Generally, the flow in heat exchanger tube bundles can be parallel (axial flow) or transverse (cross flow) to the tube. In nuclear steam generators, the flow is axial for a large portion of the tube bundle. Vibration excitation forces induced by axial flow are relatively small in heat exchangers. Thus, vibration excitation mechanisms in axial flow may generally be neglected. The vibration behavior is clearly governed by cross‐flow vibration excitation mechanisms.
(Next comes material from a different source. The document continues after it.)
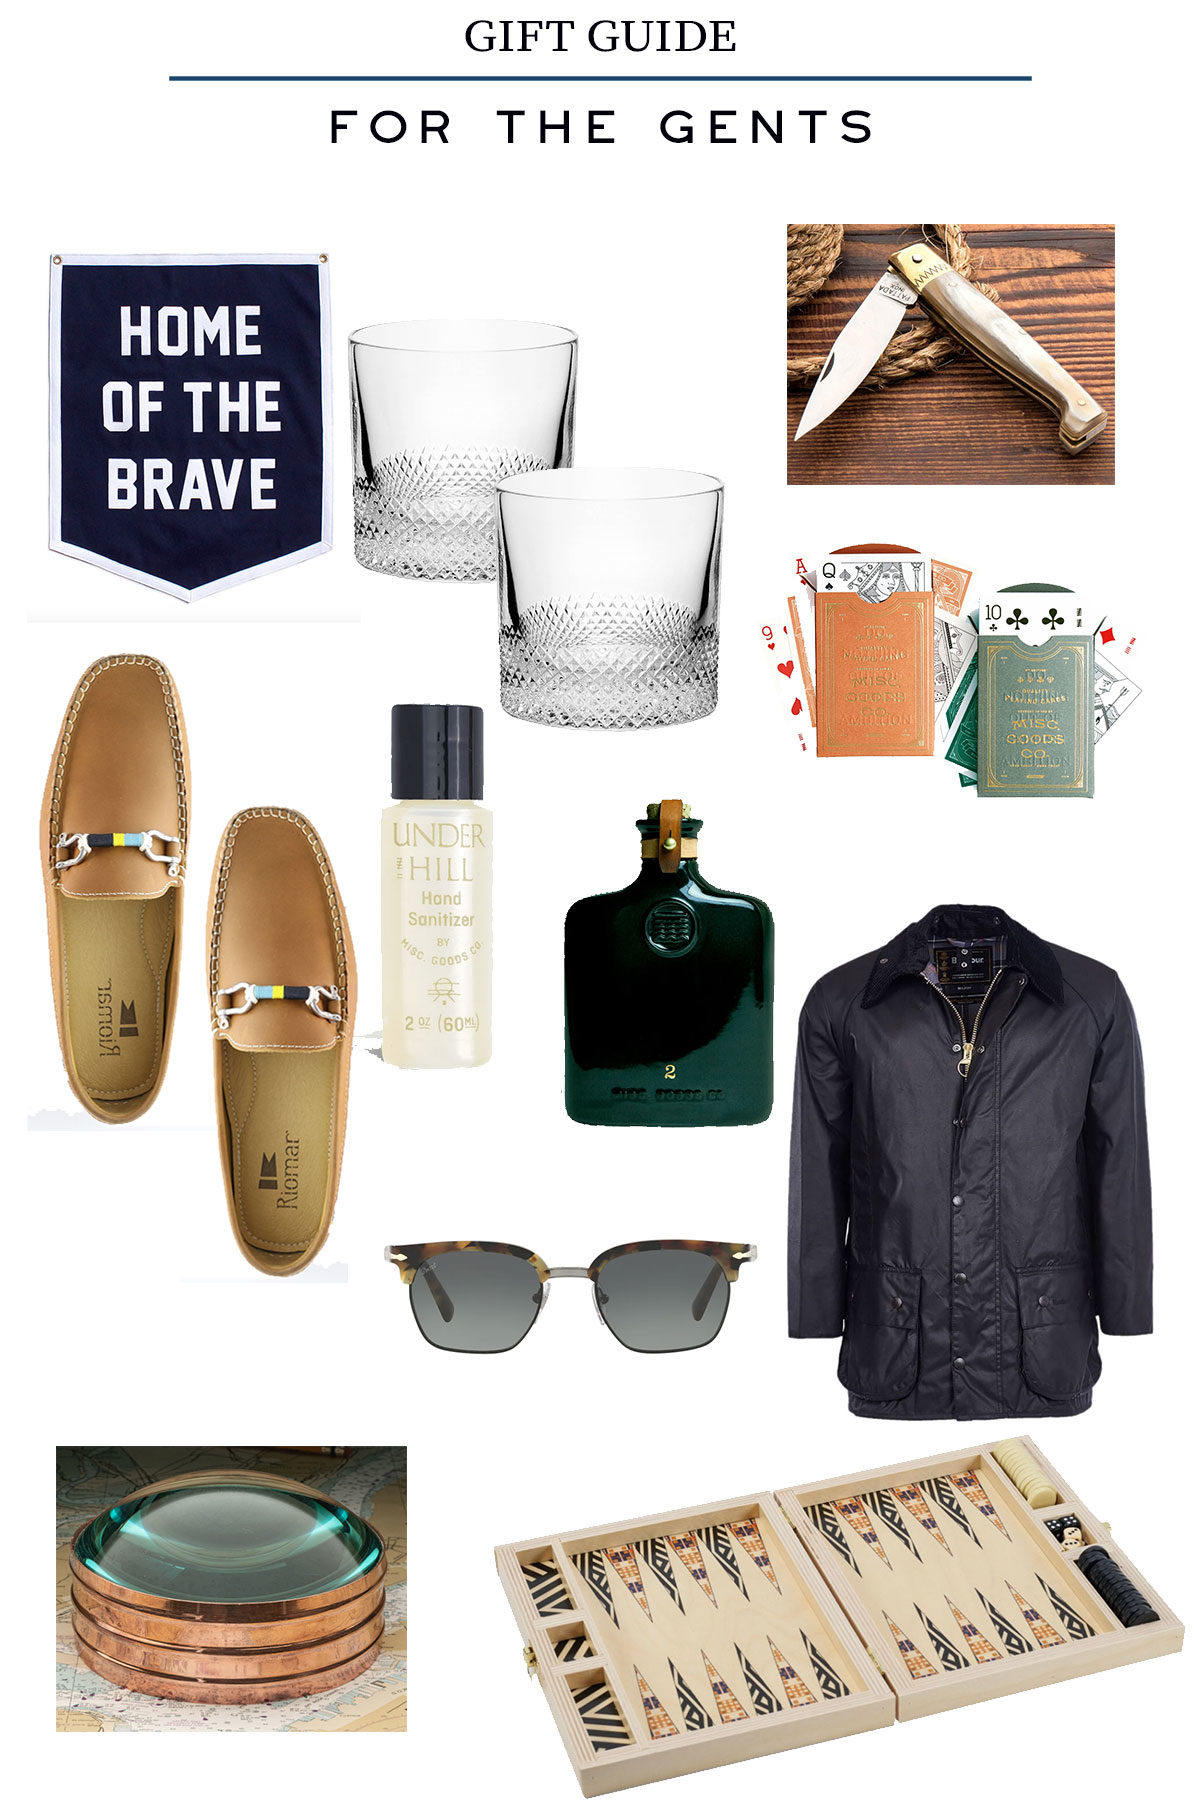 2020 Gift Guide for the Gents

Several vibration excitation mechanisms are normally considered in heat exchange components such as tube bundles in cross flow, namely: 1) fluidelastic instability, 2) periodic wake shedding, 3) turbulence excitation, and 4) acoustic resonance. Fluidelastic instability is by far the most important mechanism and must be avoided in all cases. Periodic‐wake‐shedding resonance may be of concern in liquid cross flow where the flow is relatively uniform. It is not normally a problem at the entrance region of steam generators because the flow is very non‐uniform and quite turbulent (Pettigrew et al, 1973). Turbulence may inhibit periodic wake shedding in tube arrays. Periodic wake shedding is generally not a problem in two‐phase flow except at very low void fractions (i.e., ε g< 15%) or under unusual conditions, as discussed in Chapter 11. Turbulence excitation may be important in liquid cross flow. Periodic wake shedding resonance and turbulence excitation are not usually of concern in gas flow since the fluid density is generally low, thereby resulting in relatively small excitation forces. However, both mechanisms should be considered in some gas heat exchangers such as MSRs where relatively high fluid densities exist. Acoustic resonance must be avoided in heat exchangers with shell‐side gas flow. However, it is generally not a problem in liquid and two‐phase heat exchangers.